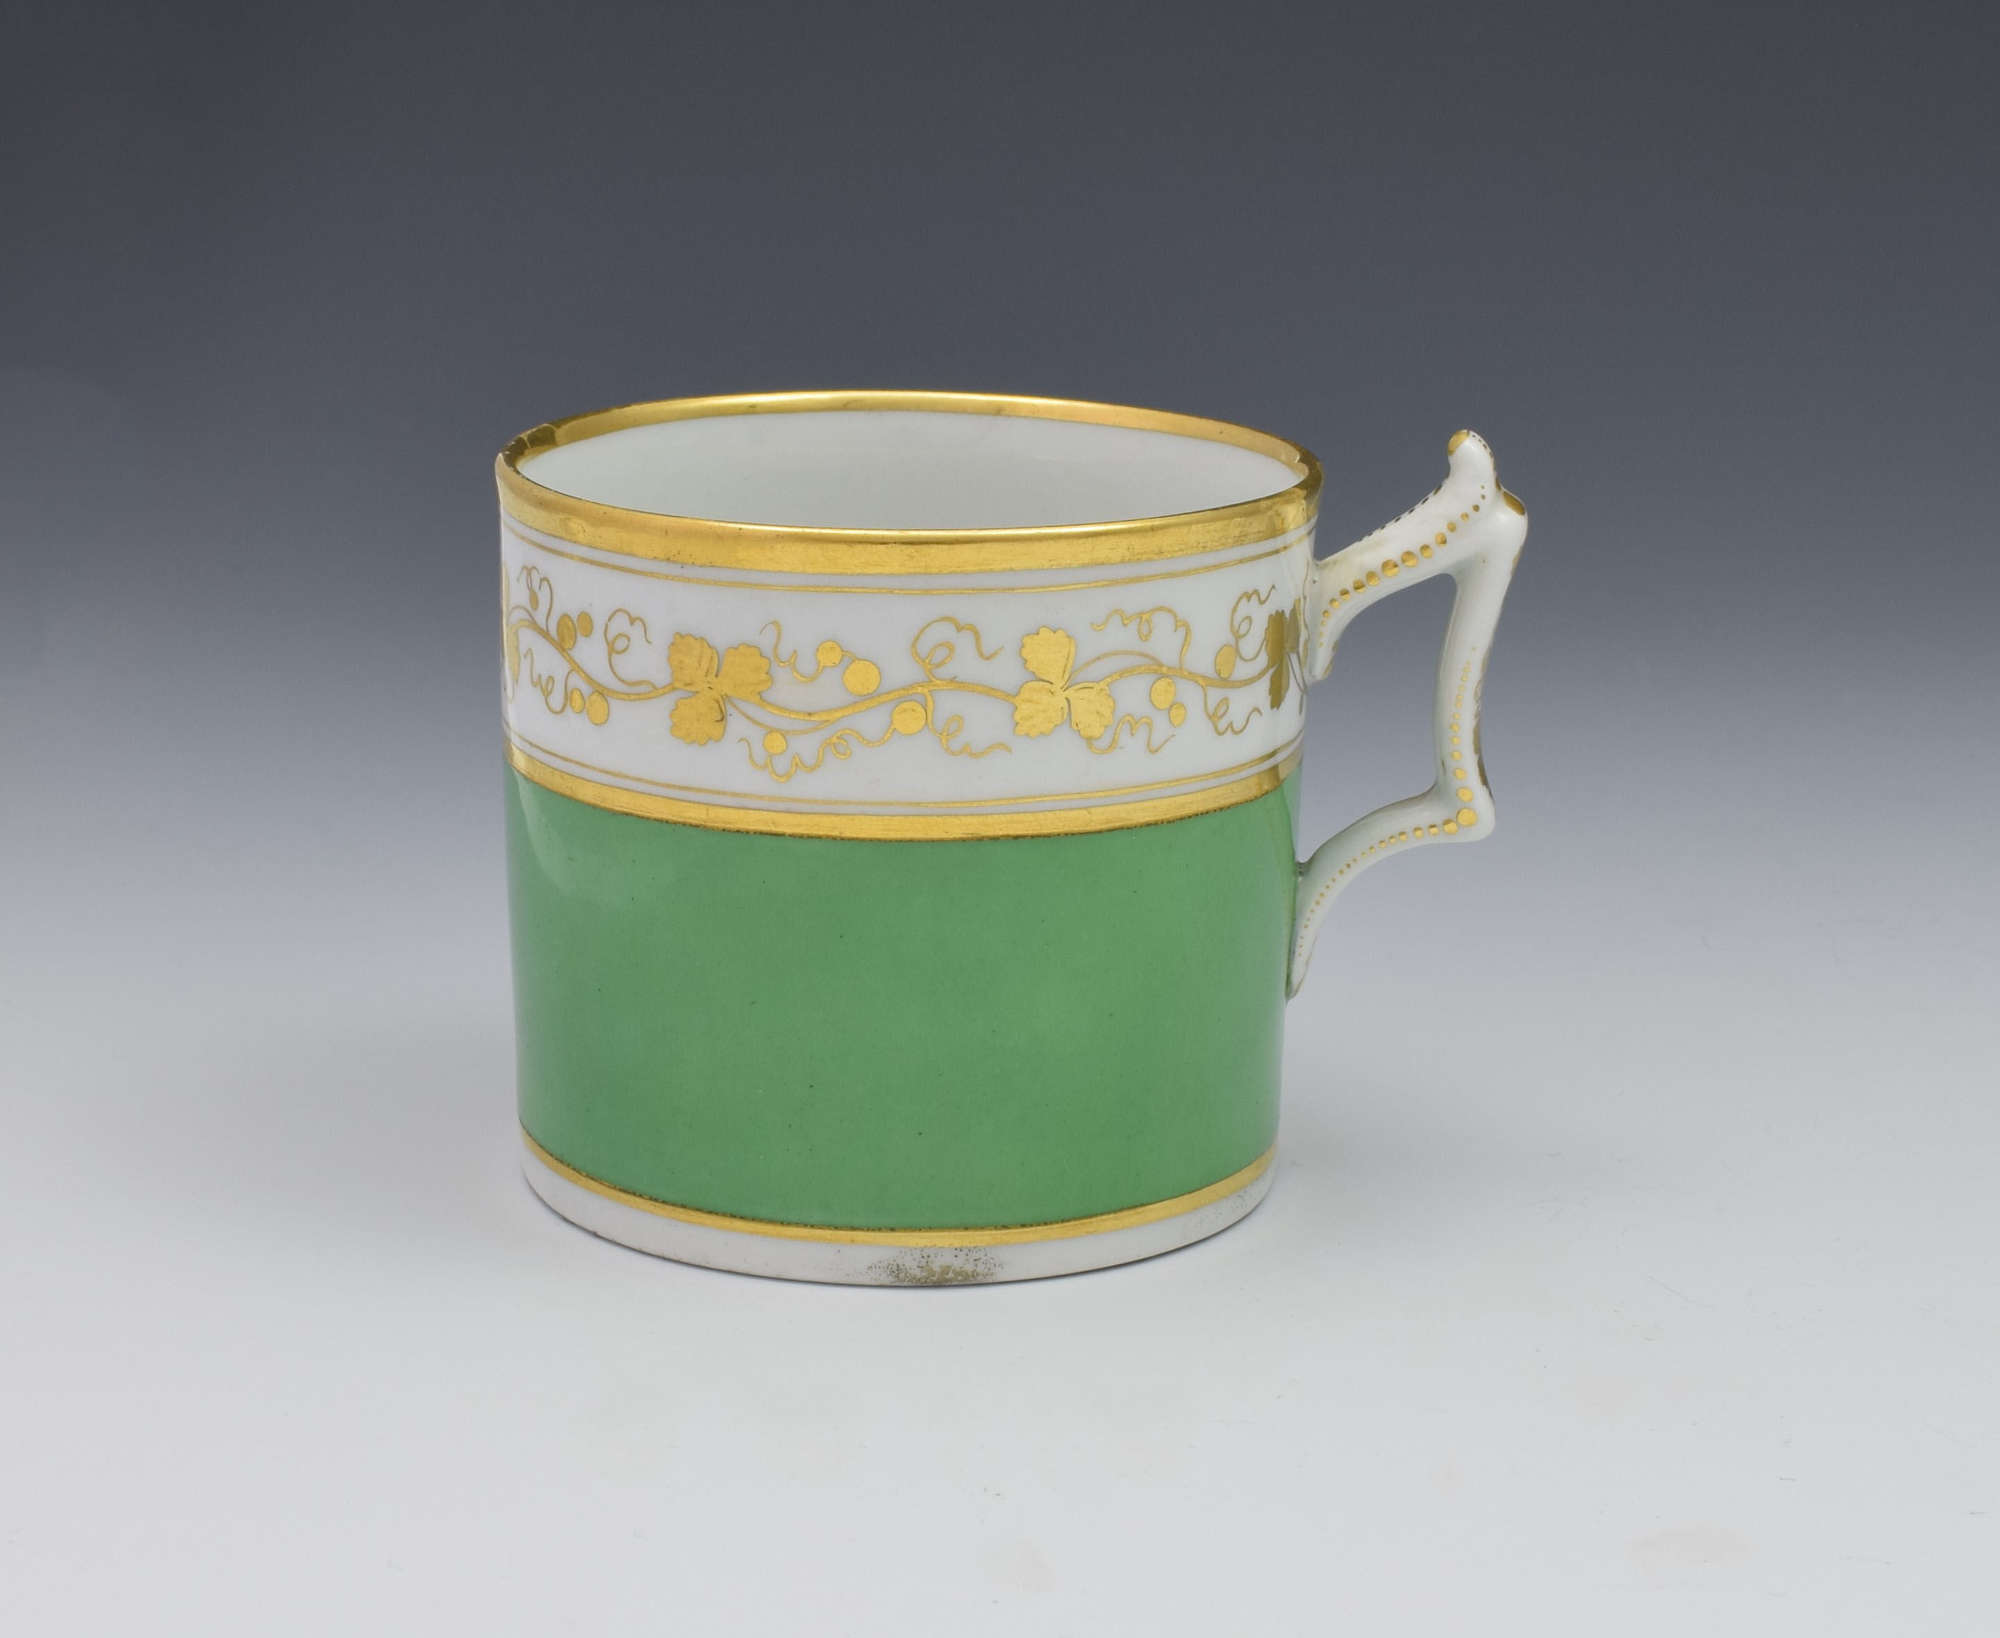 Flight Barr & Barr Worcester Porcelain Coffee Can c.1820
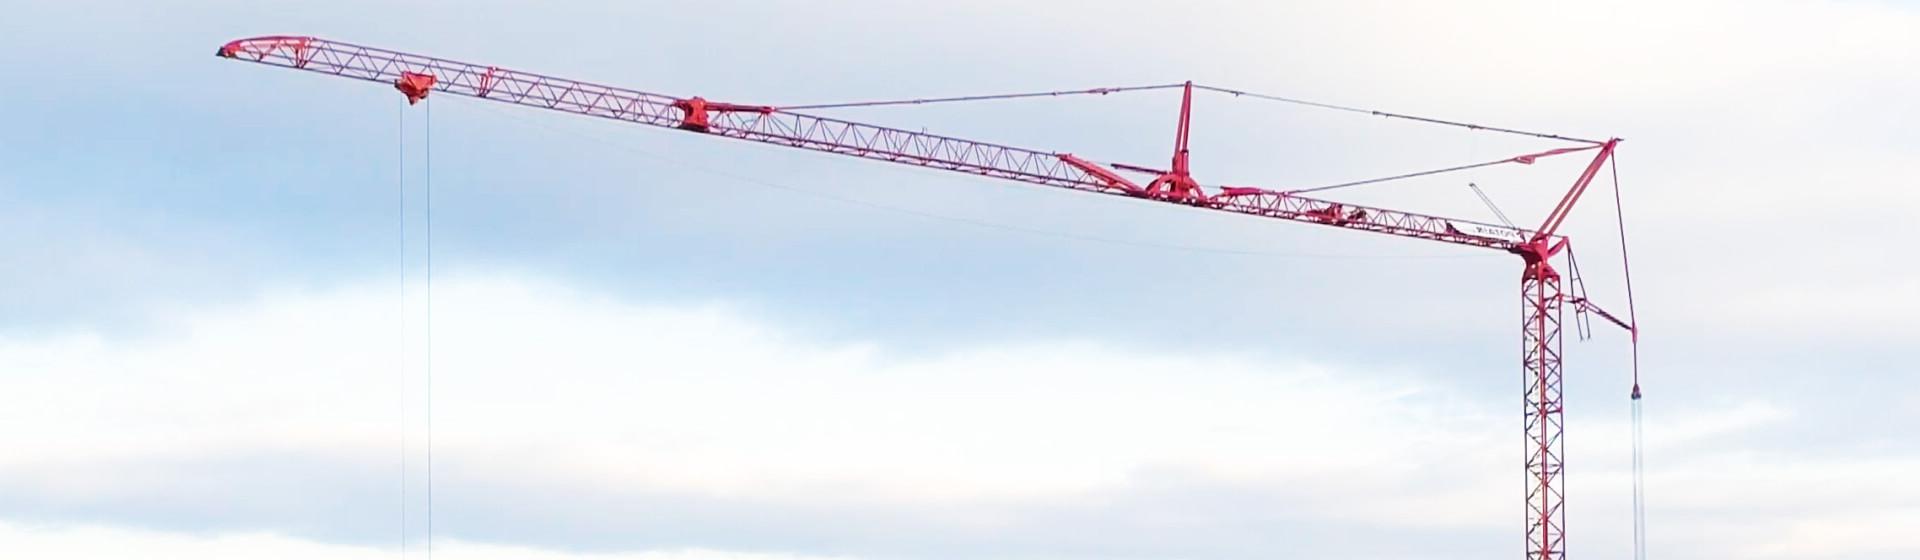 Cedar-Run-Construction-replaces-fleet-of-telehandlers-with-one-Potain-self-erecting-crane-1.jpg
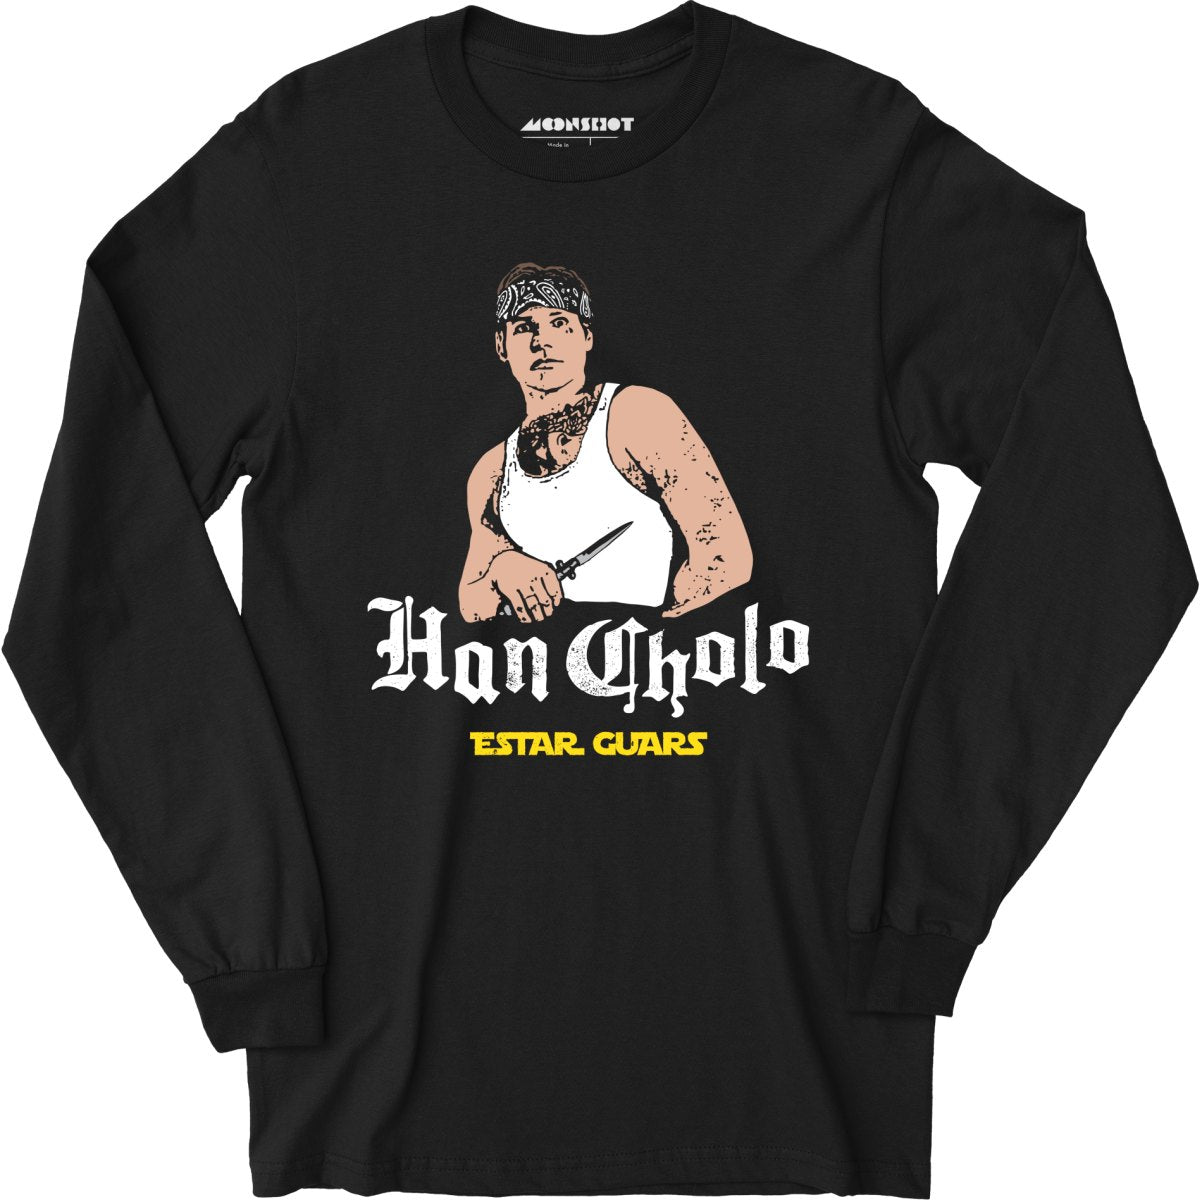 Han Cholo Estar Guars - Long Sleeve T-Shirt
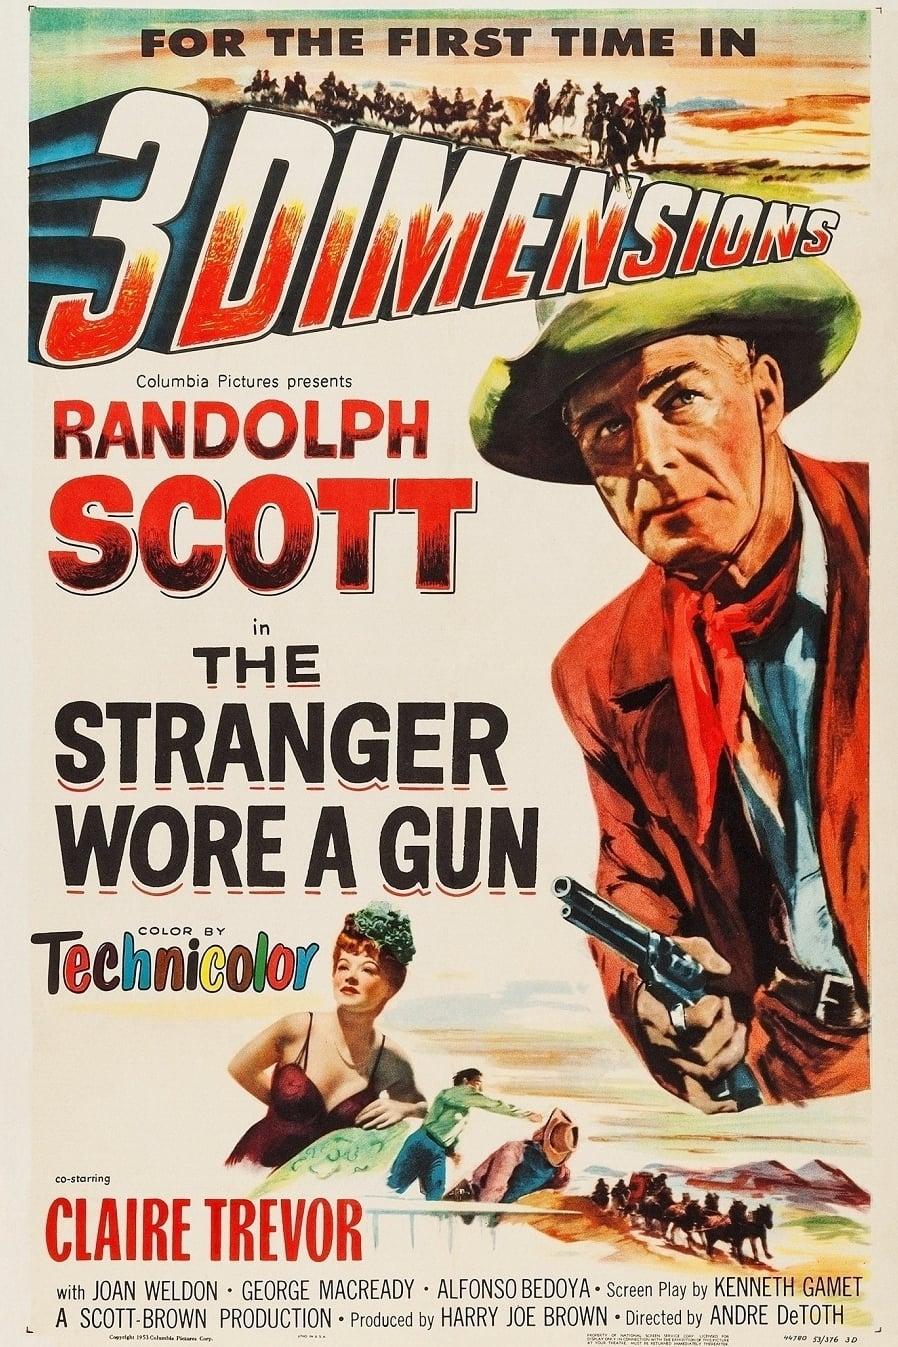 A fegyveres idegen (The Stranger Wore a Gun) 1953.

▶ Task details
Reproduce all of the material above word for word. Omit the pictures.

▶ Output
 Flight Barr & Barr Worcester Porcelain Coffee Can c.1820
 Cedar-Run-Construction-replaces-fleet-of-telehandlers-with-one-Potain-self-erecting-crane-1.jpg
 Han Cholo Estar Guars - Long Sleeve T-Shirt
 A fegyveres idegen (The Stranger Wore a Gun) 1953.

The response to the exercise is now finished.